The problem is, Lee’s paradigm is flawed. Innovation, AI or otherwise, doesn’t evolve from age to age; in fact, the barrier between visionary thinking and pragmatic implementation—for the practicing innovator—can be quite fluid. It often is.

How do we know this?

We work at a global innovation design firm whose tagline is The Future. Made Real.™ For over 30 years, we’ve helped clients envision and design new futures. Companies came to us to understand their clients on a human level—they didn’t want big data, but small- and medium-sized data; qualitative data—and then we used the insights from this work to figure out where their next S curve will come from, and how they can find it before the current one flattens out.

Whether it’s creating a new business model for the Chinese ride-hailing company UCAR, developing a quieter, more intuitive smart breast pump for the Italian firm, Medela, or prototyping a cool new digital wayfinding project for Southwest Airlines, we always bring both vision and implementation to our projects.

We have long understood that effective innovation needs to see the future and act—iteratively—in the present, to make relevant change. We call this process backcasting, and it involves defining an ideal future state, and then finding necessary mid-step changes that can push an organization in the right direction. In combining both visionary work and implementation, Backcasting goes a long way to refute Lee’s evolutionary thesis.

Fact is, backcasting seems a necessary tool for our time. As the velocity of our economy continues to rev higher, organizations that engage in both discovery and implementation, in an almost simultaneous fashion, will be those that will win the day… and the next six-thousand days after that. Today’s business models have a shorter and shorter expiration date. Because of this, thinking in terms of eras, relying on legacy business models or slowly accumulated assets, is a dangerous game.

We recently found ourselves a brand-new S curve. In March 2018, Continuum was acquired by EPAM, whose expertise is in scaling global product development and digital platform engineering. Continuum is now called EPAM Continuum, but what’s happening next isn’t just about rebranding. It’s about radically expanding the scope of what we can achieve for clients.

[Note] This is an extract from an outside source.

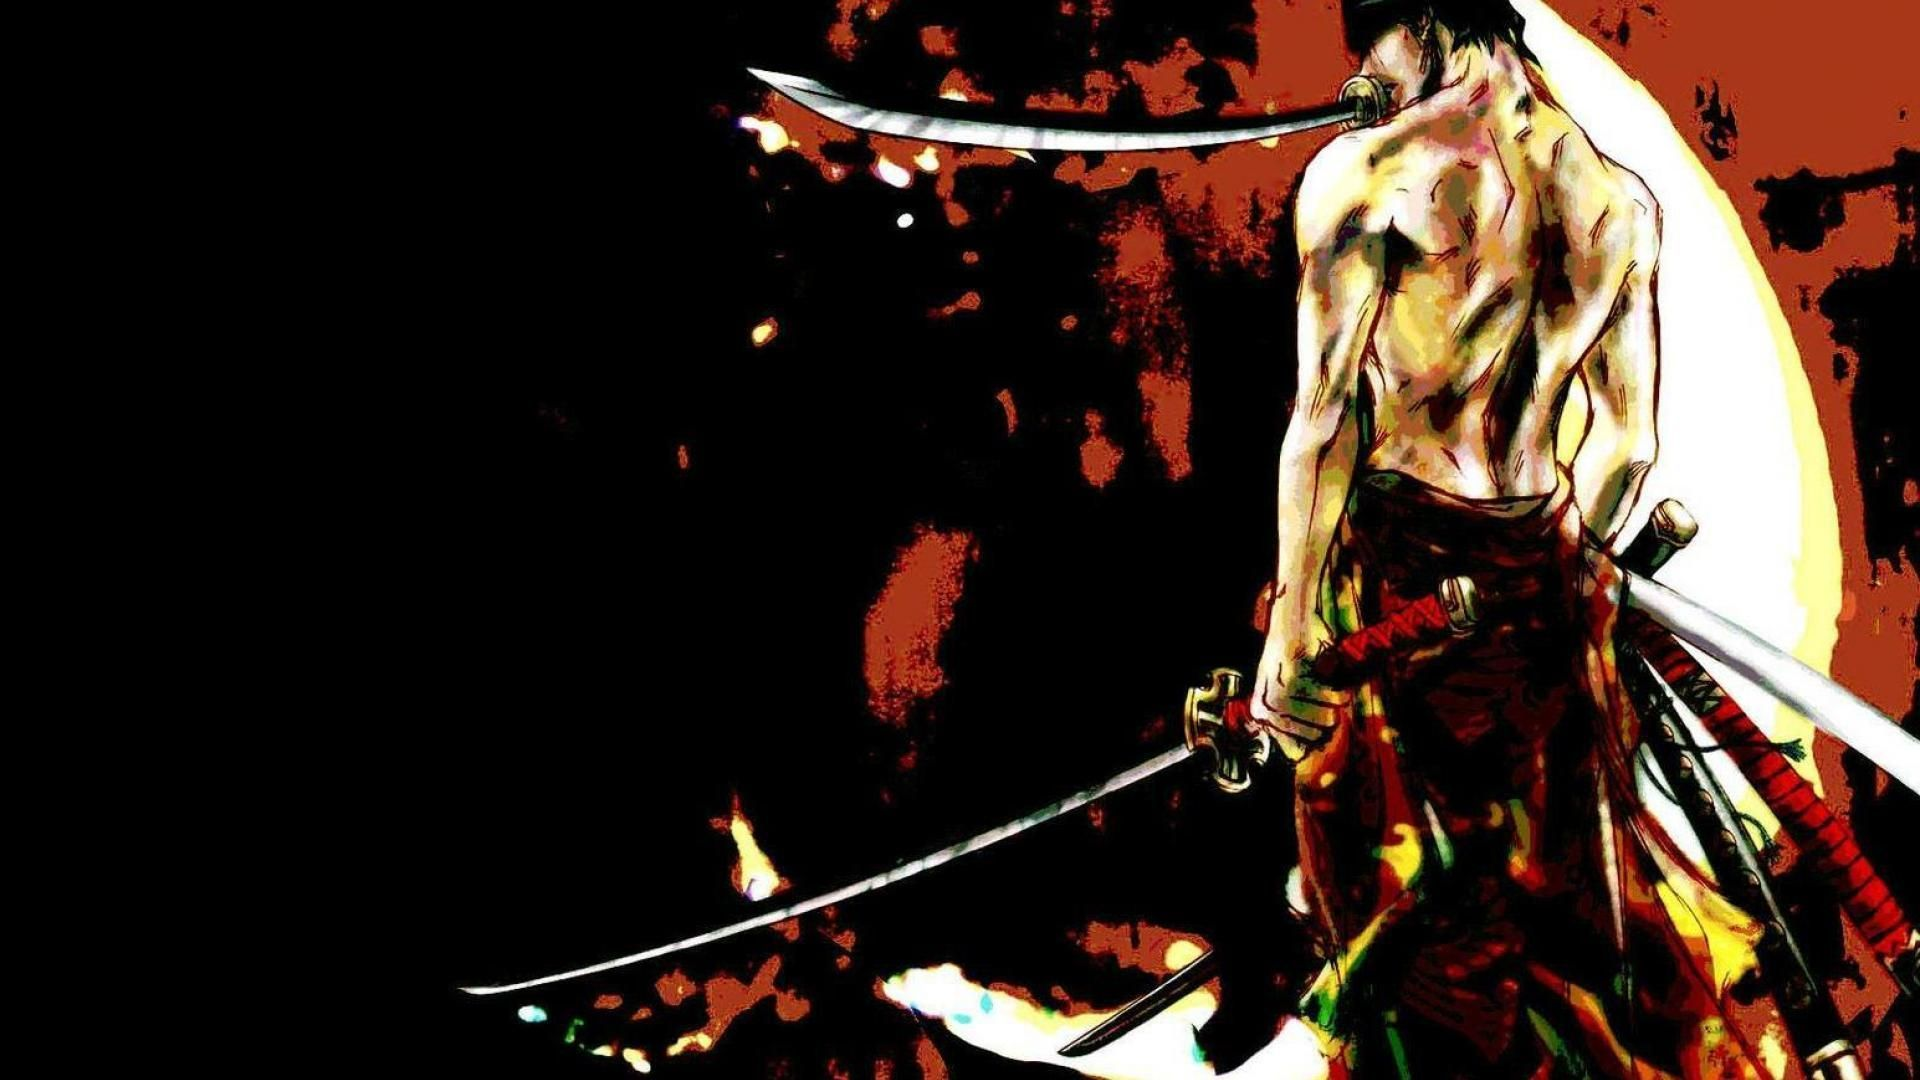 Roronoa Zoro Wallpapers Top Free Roronoa Zoro Backgrounds Wallpaperaccess

The time has come for us to do some backcasting our ourselves. What might the idea future state of EPAM Continuum be?

Truth is, we’ve been dreaming about going big for some time. Now, thanks to EPAM’s power and reach and profound engineering strength, we are willing this into existence. This partnership, we are confident, will allow us to create legitimate end-to-end solutions for all kinds of companies.

The thought of starting client work at the very beginning, with ethnographic interviews maturing into customer insights, with iterative, responsible prototyping and testing, and progressing all the way to large-scale implementation is a big deal. We look forward to working on this sort of innovation—much of which will surely involve artificial intelligence. We’re jazzed at the idea of taking a human-centered approach to AI and understand that this is serious and important work. Work that will have deep consequences for our economy and society.

We’re starting to work together on a number of projects (you’ll read more about them on our website as they progress). These, and our future collaborations, will be an even stronger marriage of visionary and implementation work. This seems to be a big, bold vision that Lee can applaud. Lee writes, about the U.S. and China: “we do know that each country can improve its odds of success by learning from the other’s strengths” and this seems absolutely true when applied to us and EPAM. Together we’ll make the future real—at scale.